Социальные факторы дают о себе знать и на уровне таких слагаемых инновационной системы, как центры трансфера технологий (их в нашей стране 66), технопарки (84), инновационно-технологические центры (174) и инкубаторы бизнеса (81) (UNESCO Science Report 2010: 229). Например, обследования отечественных научных парков высветили такие проблемы, как непростые отношения работающих там с сотрудниками научно-образовательных учреждений, на базе которых они созданы, «утечка умов» из университетов в парки, конфликты, возникающие вследствие дифференциации, иногда значительной, заработной платы и т. п. (Юревич, Цапенко, 2001; Черевикина, 2007).

Среди социальных факторов, порождающих препятствия созданию инновационной среды, следует отметить и ярко выраженный антисциентистский настрой многих представителей нашей власти, благополучно сосуществующий с модернизационными призывами первых лиц государства. Он проявляется в постоянных нападках на РАН, поддержке липовых ученых и их псевдоизобретений, неспособности отличить настоящую науку от ненастоящей, опоре при принятии ответственных решений на весьма сомнительные в научном отношении «независимые» исследовательские центры, институты и фонды, широком использовании услуг всевозможных эзотериков и т. п.
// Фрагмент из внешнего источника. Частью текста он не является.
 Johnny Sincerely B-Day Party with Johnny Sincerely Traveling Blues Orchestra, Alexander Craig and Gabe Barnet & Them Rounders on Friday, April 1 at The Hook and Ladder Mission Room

А. Н. Авдулов и А. М. Кулькин так характеризуют инновационную атмосферу, характерную для западных стран: «В обществе, в довольно широких слоях его, причастных к науке, производству и сервису, в аппарате управления формируется определенный настрой на новаторские подходы, на стремление к преобразованию, улучшению условий труда и жизни, формируется оптимистический взгляд на будущее, своего рода социальный оптимизм» (Авдулов, Кулькин, 1992: 156). Эта атмосфера проявляется в количественном соотношении инновационных идей и их распространителей. Огрубленные подсчеты показывают, что и в западных странах, и в тех государствах, которые принято относить к категории «восточных тигров», на одну инновационную идею, генерируемую в науке, проходится около 10 так называемых «толкачей» — бизнесменов, которые ее коммерциализируют и выводят на рынок, в то время как в нашей стране соотношение в лучшем случае обратное. Как пишет В. Г. Зинов, «не перспективная технология привлекает инвестиции в инновационный процесс, а команда управленцев, способная вырастить успешный технологический бизнес» (Зинов, 2006: 209). По его оценкам, неудовлетворенный спрос на специалистов по управлению в сфере инновационной деятельности в настоящее время составляет в России порядка 60 тыс. человек (там же).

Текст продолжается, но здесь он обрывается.